DATA PROVIDED section start

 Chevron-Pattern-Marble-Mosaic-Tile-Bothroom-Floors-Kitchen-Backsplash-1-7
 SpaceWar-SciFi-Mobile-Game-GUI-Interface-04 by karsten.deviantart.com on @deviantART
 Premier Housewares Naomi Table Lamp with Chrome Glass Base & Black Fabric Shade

DATA PROVIDED section end
DATA PROVIDED section start

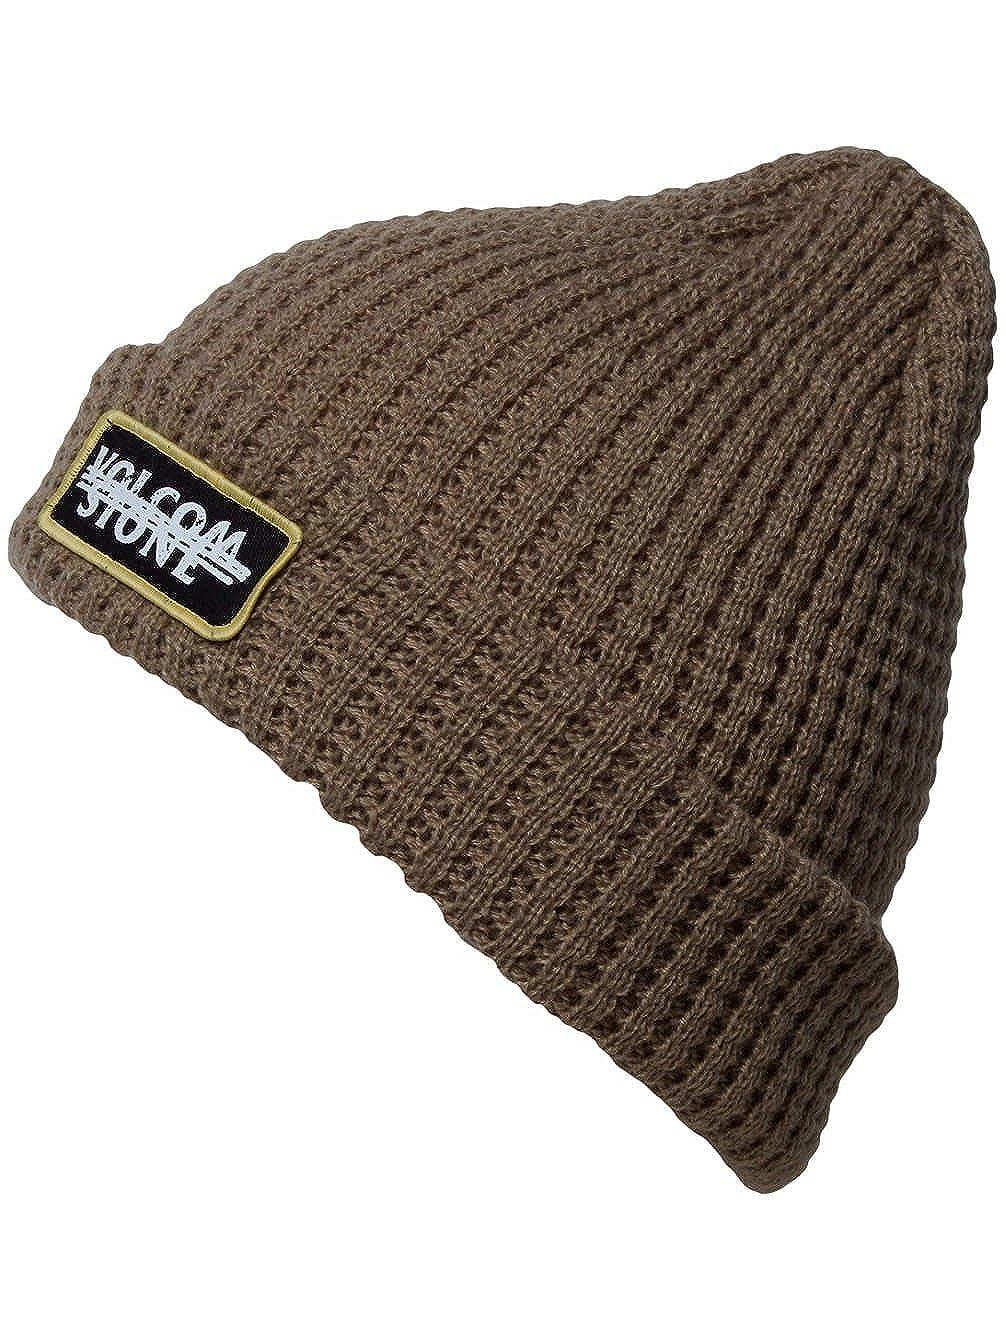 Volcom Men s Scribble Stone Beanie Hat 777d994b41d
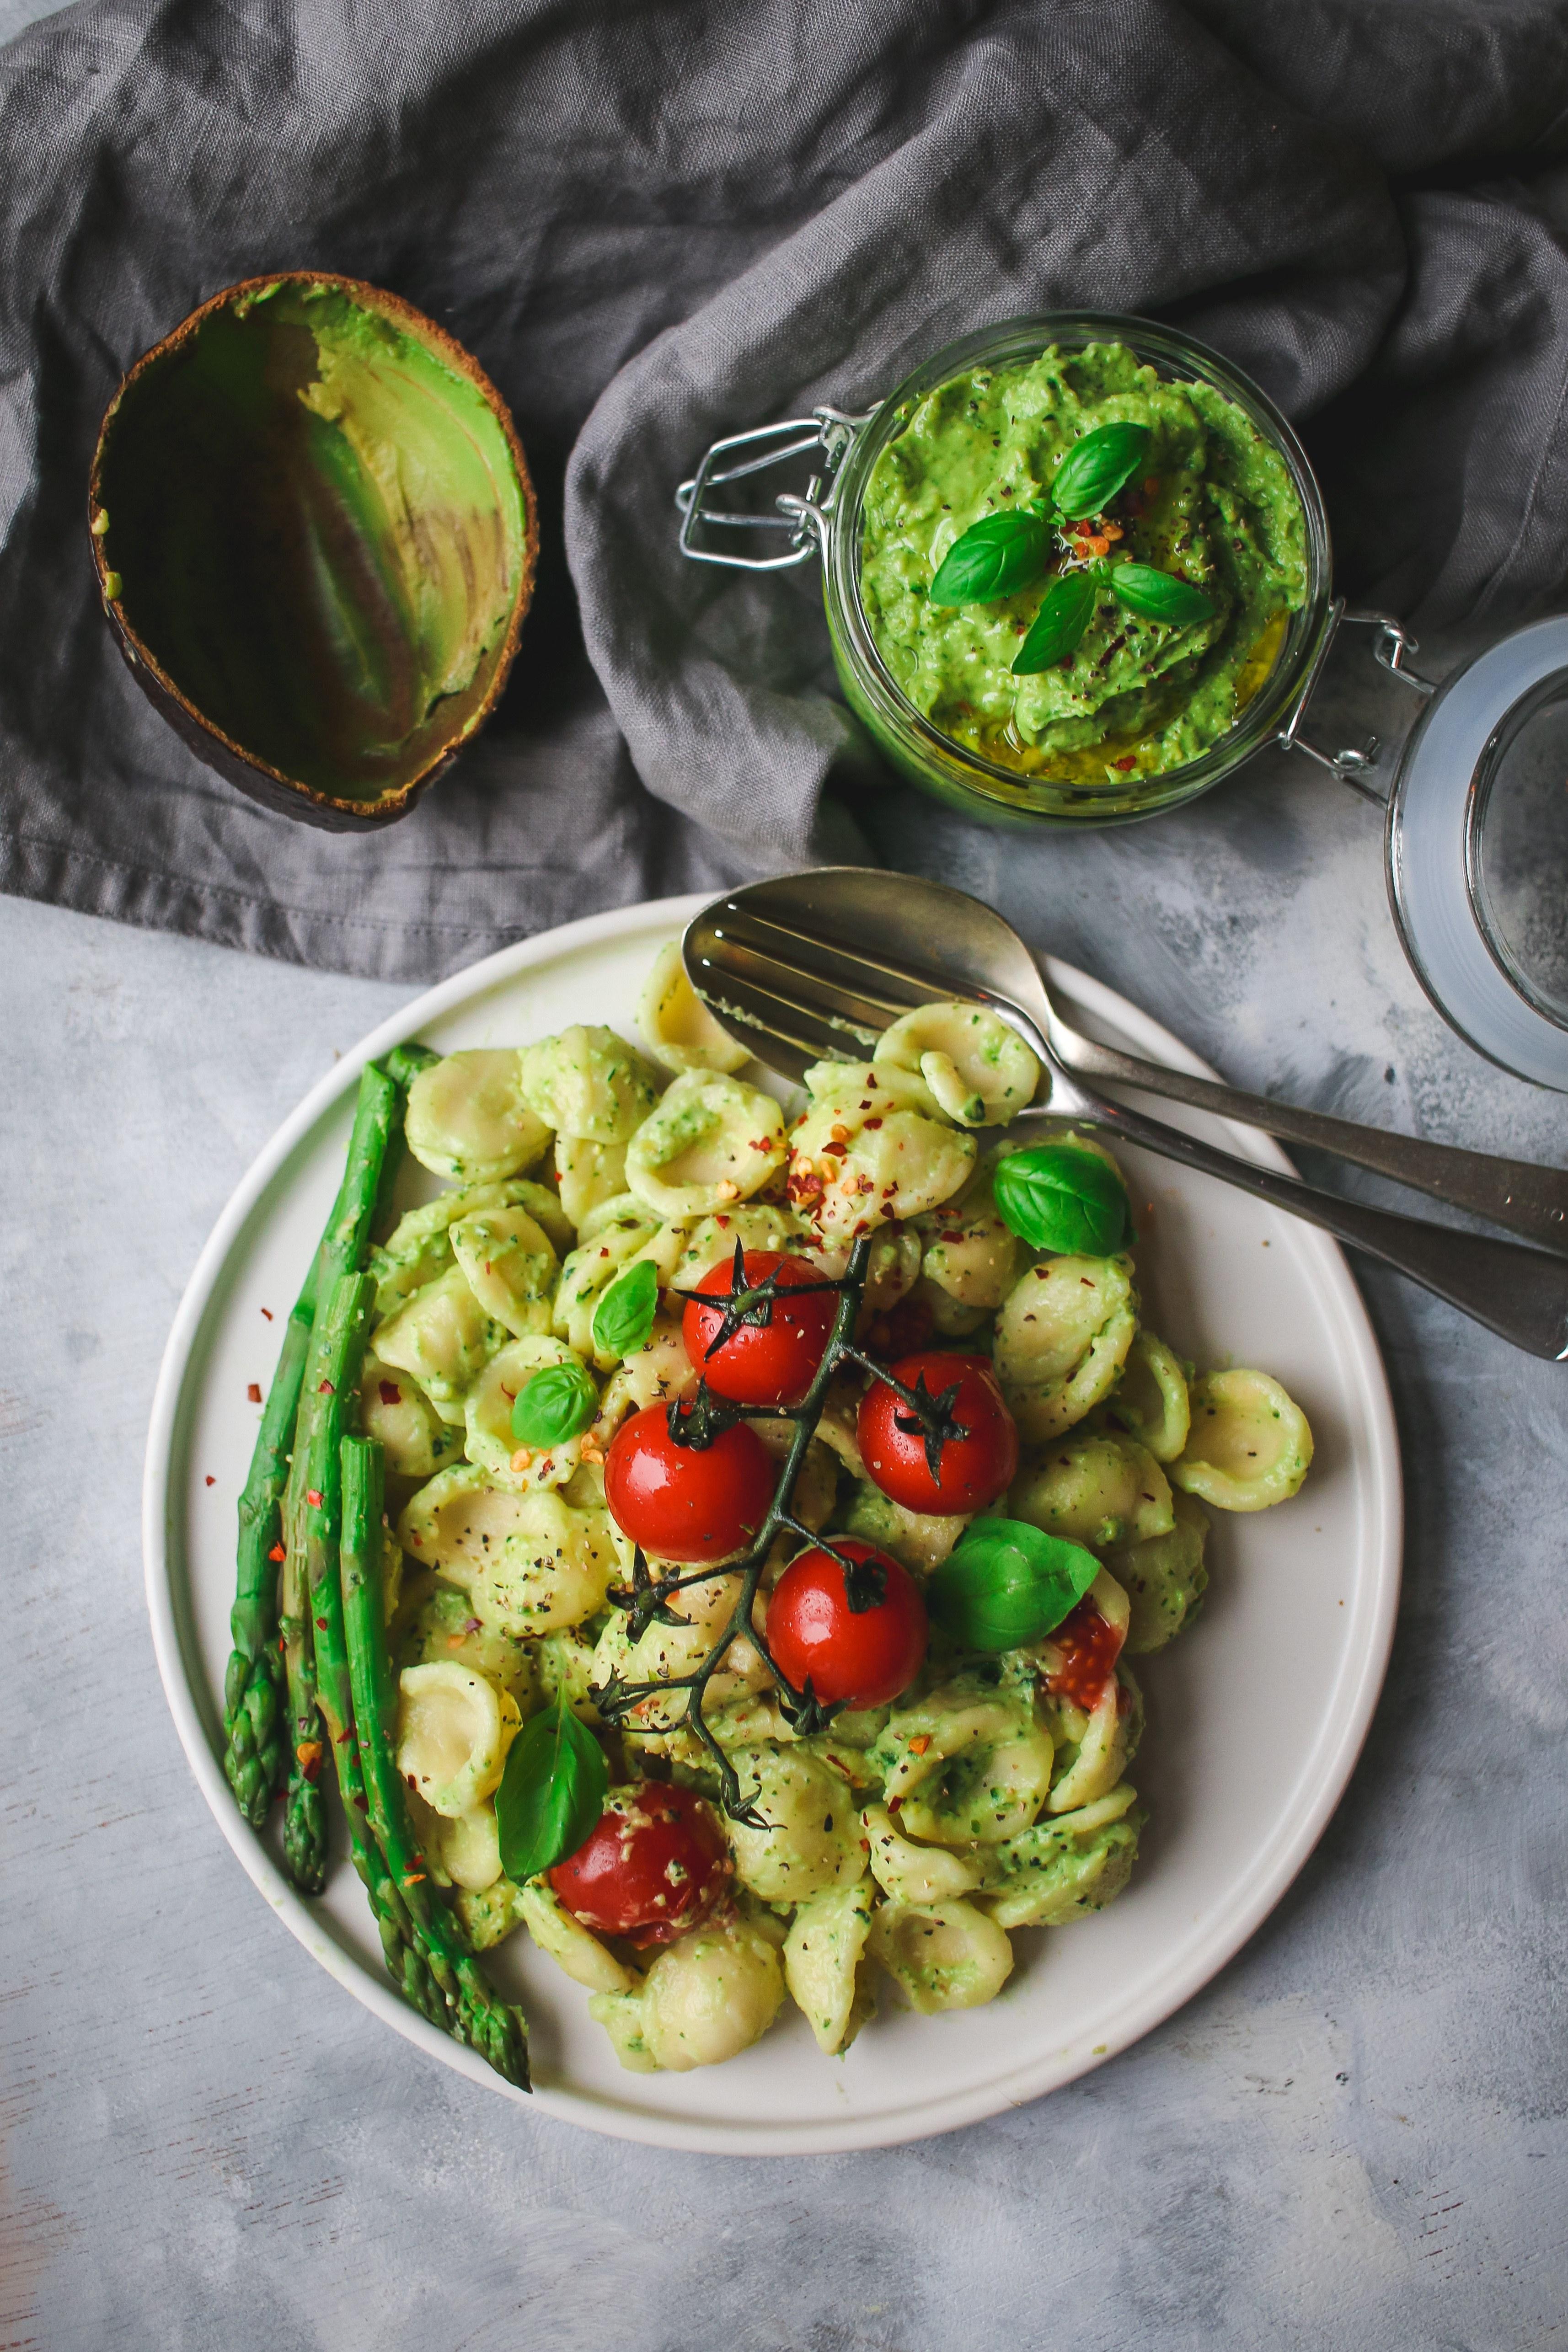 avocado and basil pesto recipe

DATA PROVIDED section end
DATA PROVIDED section start

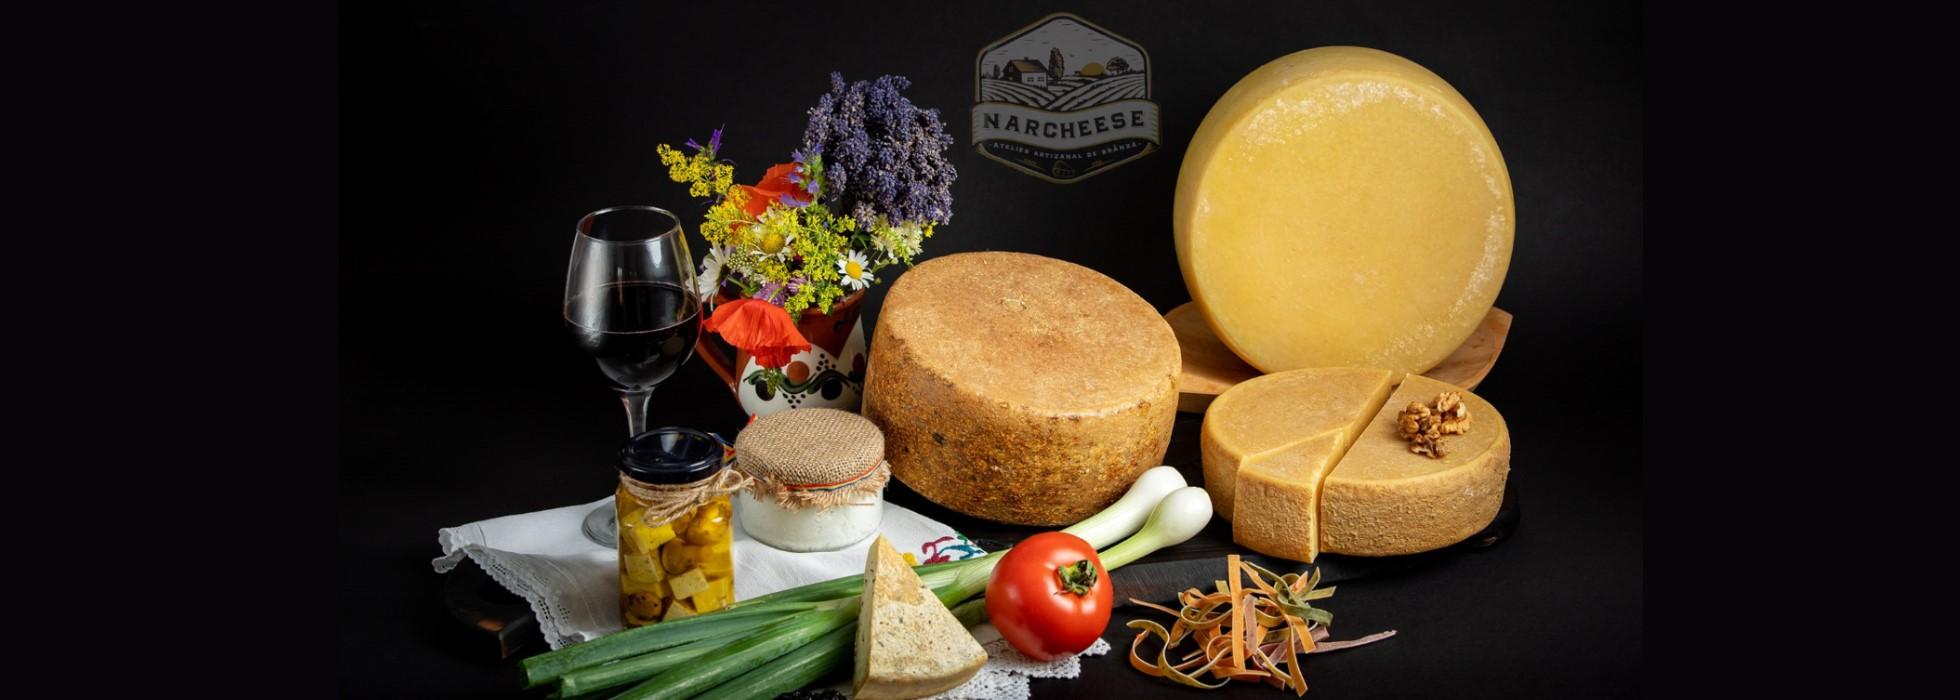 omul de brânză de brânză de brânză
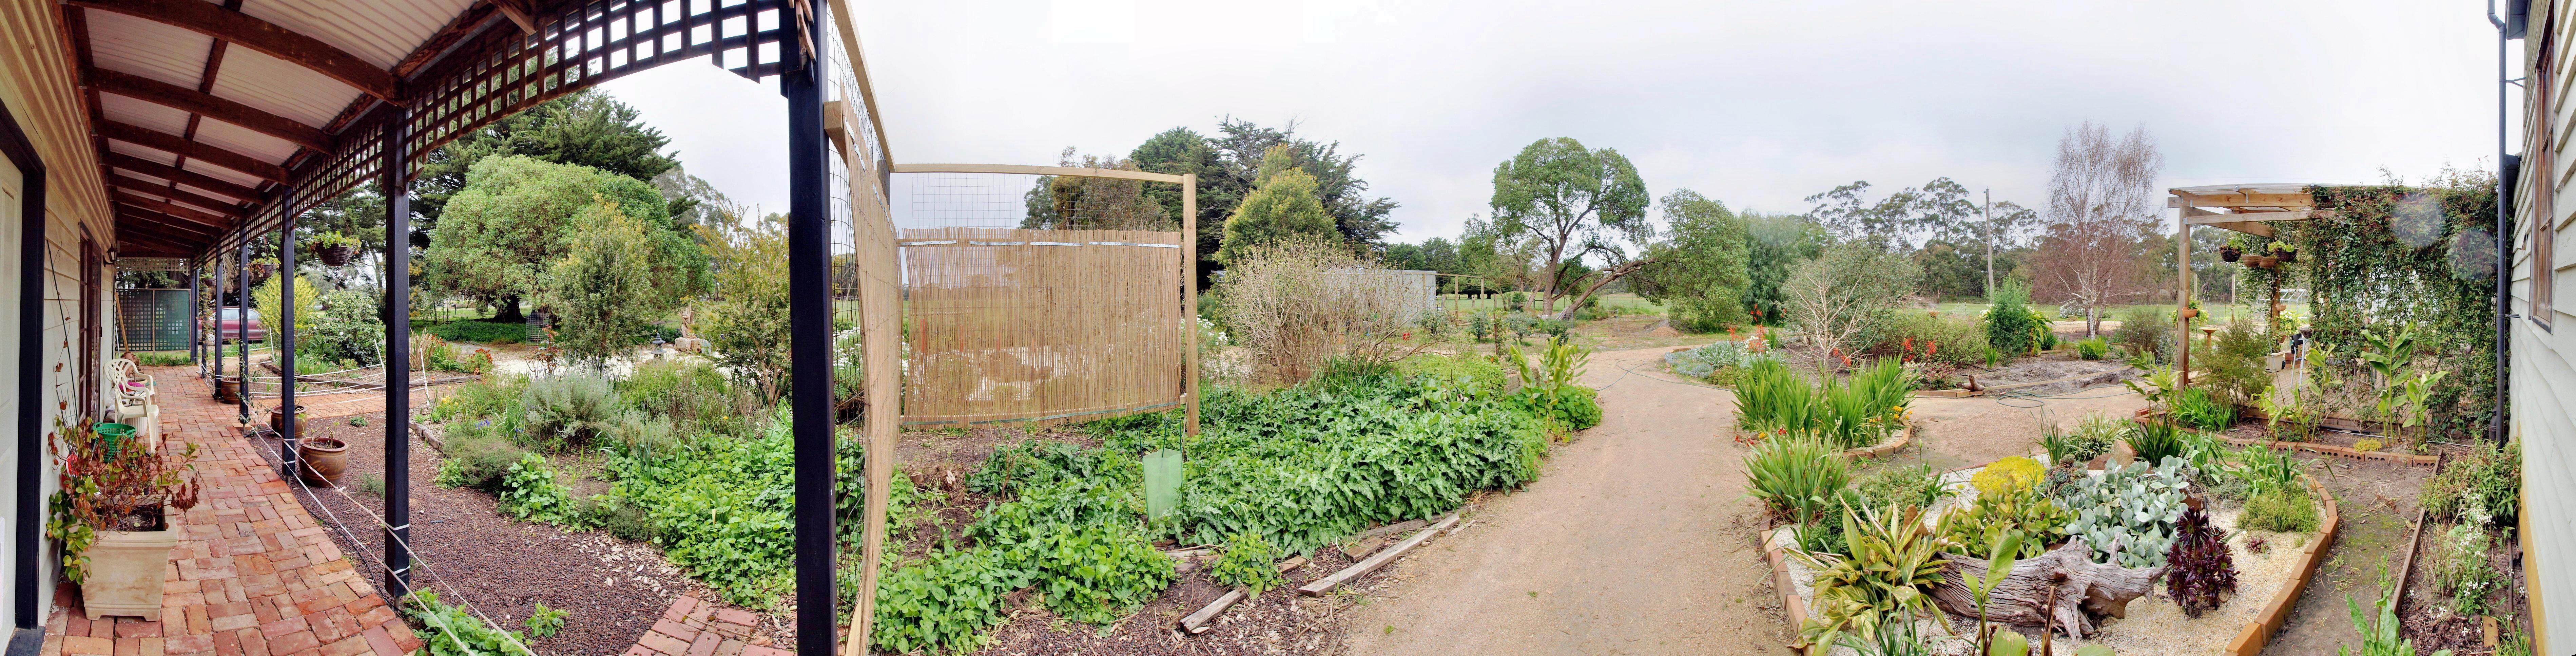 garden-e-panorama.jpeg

DATA PROVIDED section end

> [WHAT NEEDS TO BE DONE]: Take the lines above from the one containing "karsten.deviantart.com on @deviantART" to the one containing "Premier Housewares Naomi" and retype them exactly, both ends included, with nothing added.

> [TASK SOLUTION]:
 SpaceWar-SciFi-Mobile-Game-GUI-Interface-04 by karsten.deviantart.com on @deviantART
 Premier Housewares Naomi Table Lamp with Chrome Glass Base & Black Fabric Shade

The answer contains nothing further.